Even assuming that the District of Columbia would impose a filed rate doctrine in insurance cases (an open question), the District Court had little problem in refusing to apply a filed rate doctrine in this case against AARP, and in which the insurance provider that charged and collected an apparently approved rate was not even made a party:
This reasoning is easily distinguishable since the instant suit is not filed against UnitedHealth and does not challenge the legality of the approved rates charged by UnitedHealth.

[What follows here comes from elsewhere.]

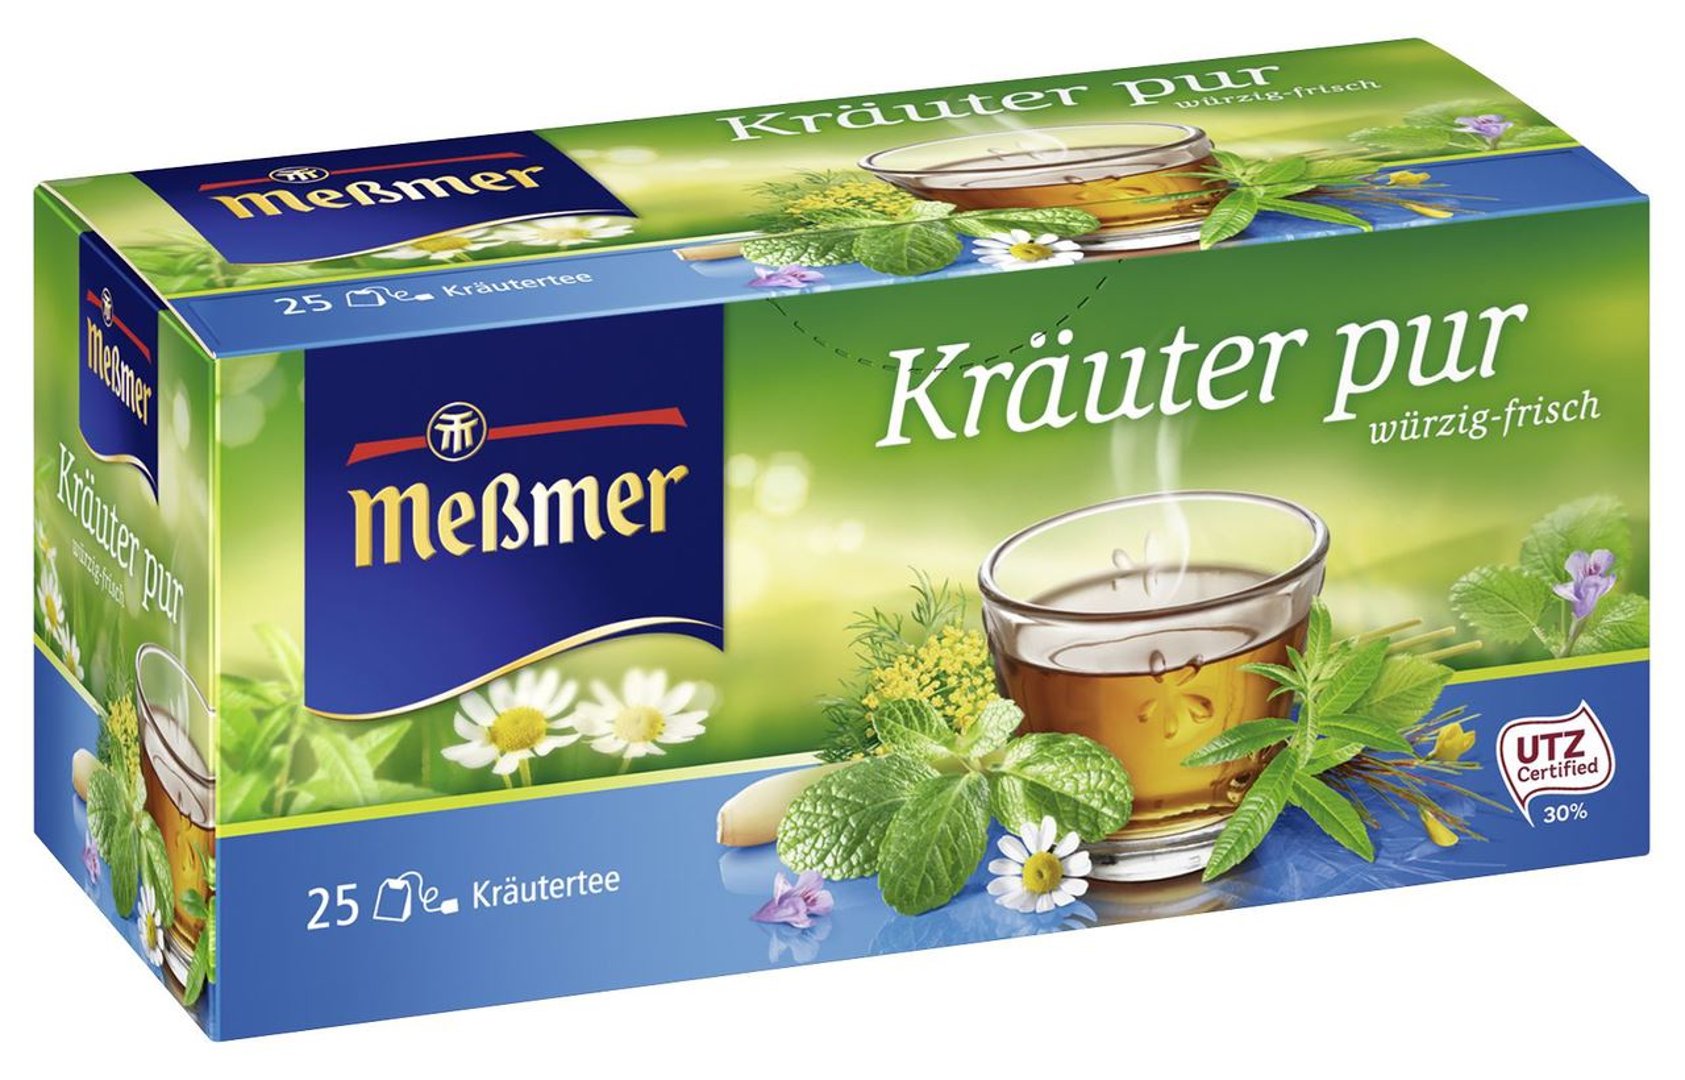 MEßMER - Kräutertee Pur würzig-frisch, 25 Teebeutel - 12 x 50 g Karton

Rather, the plaintiff’s claims challenge AARP’s practices and disclosures regarding the defendants' retention of a portion of the rates UnitedHealth filed.

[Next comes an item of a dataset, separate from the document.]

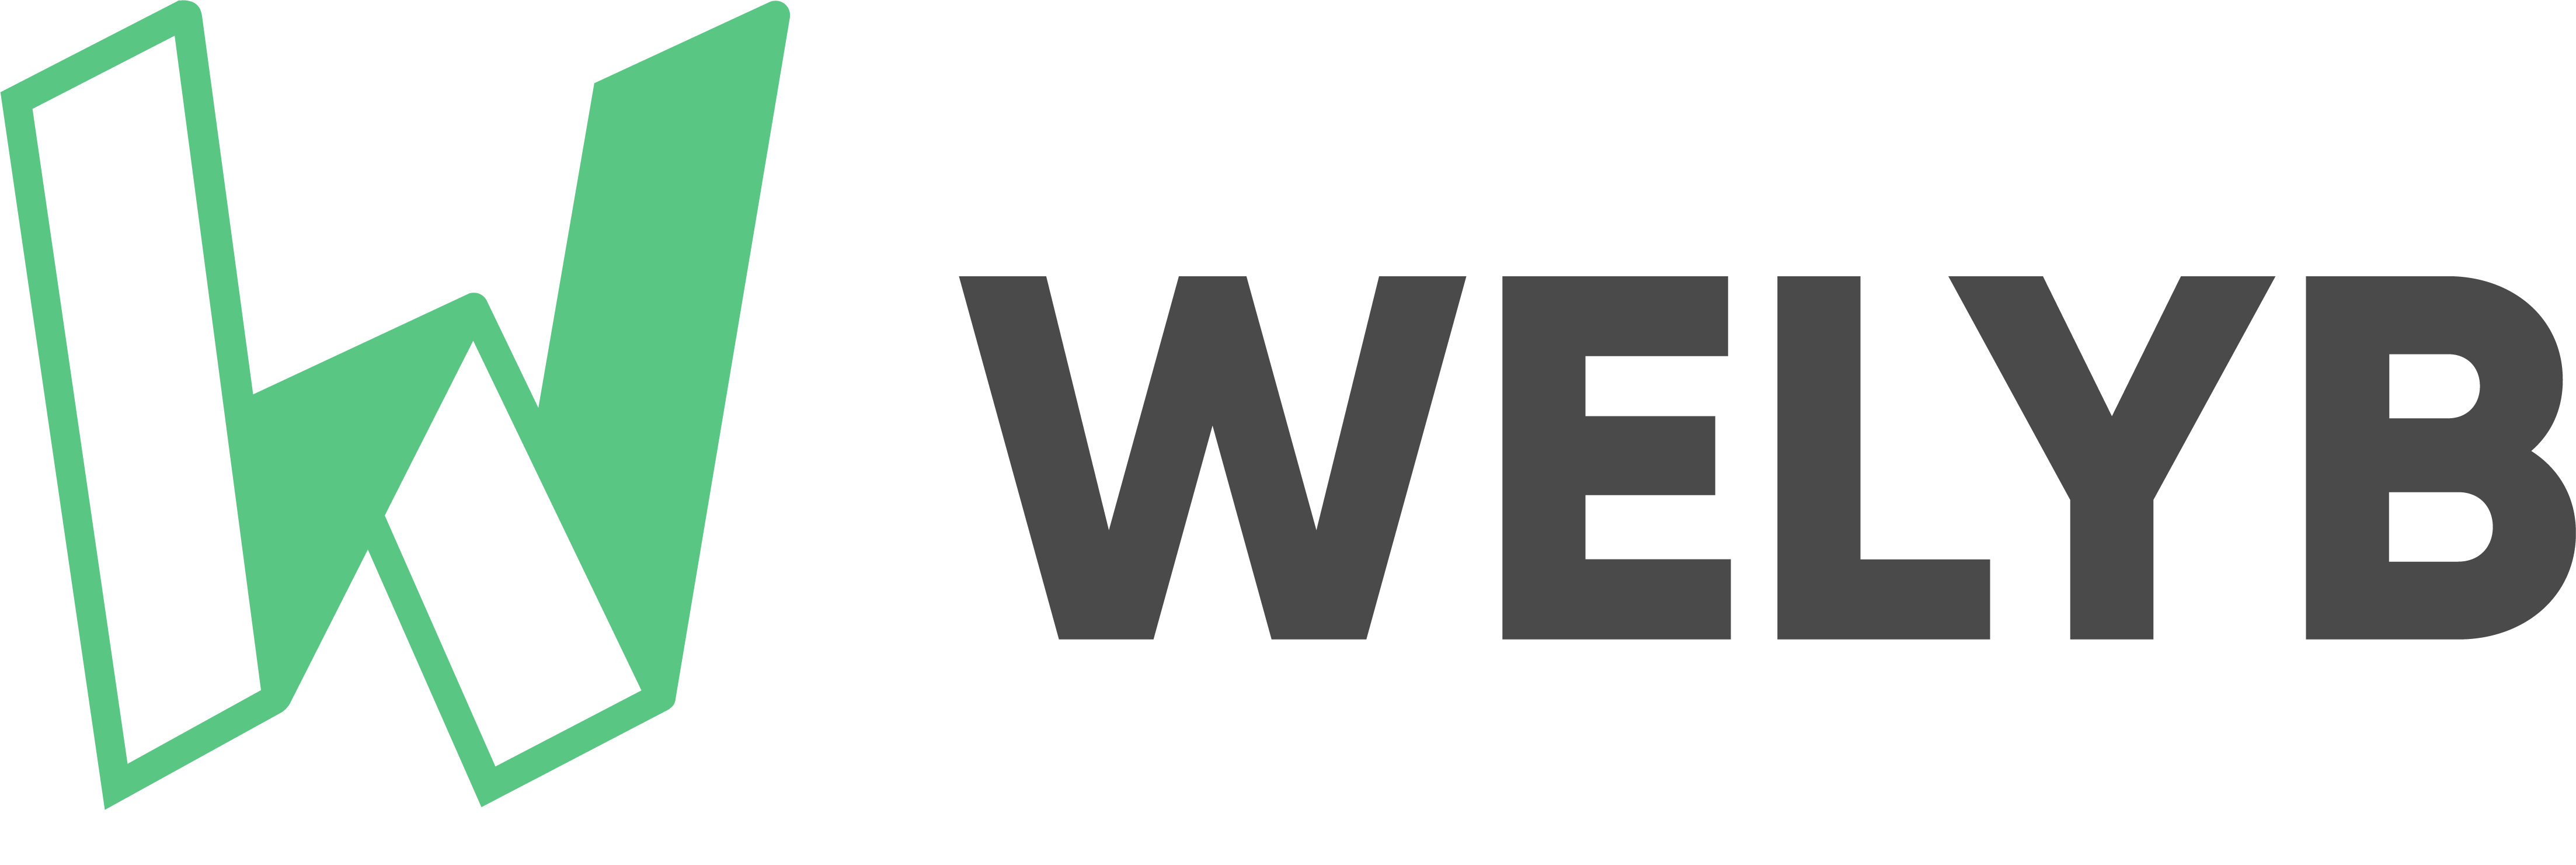 welyb-logo

Krukas v. AARP, Inc., ___ F. Supp. 3d ___, No. 18-1124 (BAH), 2019 WL 1243864, at *14 (D.D.C. March 17, 2019).
Parenthetically, I say "apparently approved," because as the Court itself noted in the Krukas case, it would not consider exhibits proffered by the defendants at the motion-to-dismiss stage which "would be premature." Neither the defendants nor the Court wanted to treat the defendants' motion to dismiss as a motion for summary judgment "without a full record" regarding the information filed by the carrier with the insurance regulator. Instead, at the motion-to-dismiss stage "the Court looks only to the plaintiff's Complaint" in that case. Krukas v. AARP, Inc., ___ F. Supp. 3d ___, No. 18-1124 (BAH), 2019 WL 1243864, at *11 (D.D.C. March 17, 2019).
In sum, the filed rate doctrine is not in our stars, so to speak, it is in the claims that are alleged. The filed rate doctrine does not apply to conduct and practices that "are independent of any approved rates." The FRD does not exist when "resolution of these claims ... does not necessitate any determination about the reasonableness of the rate." Krukas v. AARP, Inc., ___ F. Supp. 3d ___, No. 18-1124 (BAH), 2019 WL 1243864, at *15 (D.D.C. March 17, 2019). So take a look at what is alleged and what is proffered before a Court rules on the filed rate doctrine.